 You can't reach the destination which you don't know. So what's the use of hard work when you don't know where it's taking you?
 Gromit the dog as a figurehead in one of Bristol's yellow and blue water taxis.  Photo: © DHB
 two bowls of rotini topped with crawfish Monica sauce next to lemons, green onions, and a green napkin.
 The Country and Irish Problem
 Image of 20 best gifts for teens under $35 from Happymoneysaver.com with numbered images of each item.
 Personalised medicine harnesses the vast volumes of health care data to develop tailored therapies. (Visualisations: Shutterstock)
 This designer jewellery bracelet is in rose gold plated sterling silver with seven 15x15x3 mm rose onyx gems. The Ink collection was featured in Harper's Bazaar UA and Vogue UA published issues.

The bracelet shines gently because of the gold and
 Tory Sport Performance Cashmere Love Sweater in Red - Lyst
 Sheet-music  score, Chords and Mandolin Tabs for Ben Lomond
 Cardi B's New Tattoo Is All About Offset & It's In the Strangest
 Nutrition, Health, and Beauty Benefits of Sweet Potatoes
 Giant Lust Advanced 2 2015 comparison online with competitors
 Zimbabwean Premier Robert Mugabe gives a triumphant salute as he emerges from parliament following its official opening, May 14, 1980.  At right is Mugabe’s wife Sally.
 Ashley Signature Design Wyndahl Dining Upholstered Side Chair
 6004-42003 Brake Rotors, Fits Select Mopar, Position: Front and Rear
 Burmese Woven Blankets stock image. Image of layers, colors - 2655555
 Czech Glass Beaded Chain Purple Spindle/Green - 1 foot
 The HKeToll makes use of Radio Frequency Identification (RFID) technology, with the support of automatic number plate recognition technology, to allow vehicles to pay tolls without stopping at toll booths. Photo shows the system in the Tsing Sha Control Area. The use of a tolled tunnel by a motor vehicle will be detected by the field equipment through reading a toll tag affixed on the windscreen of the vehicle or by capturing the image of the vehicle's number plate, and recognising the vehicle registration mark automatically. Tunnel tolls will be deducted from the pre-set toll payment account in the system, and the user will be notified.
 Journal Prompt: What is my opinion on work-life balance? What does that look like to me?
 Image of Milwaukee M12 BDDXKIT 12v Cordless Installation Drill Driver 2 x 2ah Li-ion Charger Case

--------------------

(Task item): The records above need copying again. Keep each word as it is.

(Solution to this exercise):
 You can't reach the destination which you don't know. So what's the use of hard work when you don't know where it's taking you?
 Gromit the dog as a figurehead in one of Bristol's yellow and blue water taxis.  Photo: © DHB
 two bowls of rotini topped with crawfish Monica sauce next to lemons, green onions, and a green napkin.
 The Country and Irish Problem
 Image of 20 best gifts for teens under $35 from Happymoneysaver.com with numbered images of each item.
 Personalised medicine harnesses the vast volumes of health care data to develop tailored therapies. (Visualisations: Shutterstock)
 This designer jewellery bracelet is in rose gold plated sterling silver with seven 15x15x3 mm rose onyx gems. The Ink collection was featured in Harper's Bazaar UA and Vogue UA published issues.

The bracelet shines gently because of the gold and
 Tory Sport Performance Cashmere Love Sweater in Red - Lyst
 Sheet-music  score, Chords and Mandolin Tabs for Ben Lomond
 Cardi B's New Tattoo Is All About Offset & It's In the Strangest
 Nutrition, Health, and Beauty Benefits of Sweet Potatoes
 Giant Lust Advanced 2 2015 comparison online with competitors
 Zimbabwean Premier Robert Mugabe gives a triumphant salute as he emerges from parliament following its official opening, May 14, 1980.  At right is Mugabe’s wife Sally.
 Ashley Signature Design Wyndahl Dining Upholstered Side Chair
 6004-42003 Brake Rotors, Fits Select Mopar, Position: Front and Rear
 Burmese Woven Blankets stock image. Image of layers, colors - 2655555
 Czech Glass Beaded Chain Purple Spindle/Green - 1 foot
 The HKeToll makes use of Radio Frequency Identification (RFID) technology, with the support of automatic number plate recognition technology, to allow vehicles to pay tolls without stopping at toll booths. Photo shows the system in the Tsing Sha Control Area. The use of a tolled tunnel by a motor vehicle will be detected by the field equipment through reading a toll tag affixed on the windscreen of the vehicle or by capturing the image of the vehicle's number plate, and recognising the vehicle registration mark automatically. Tunnel tolls will be deducted from the pre-set toll payment account in the system, and the user will be notified.
 Journal Prompt: What is my opinion on work-life balance? What does that look like to me?
 Image of Milwaukee M12 BDDXKIT 12v Cordless Installation Drill Driver 2 x 2ah Li-ion Charger Case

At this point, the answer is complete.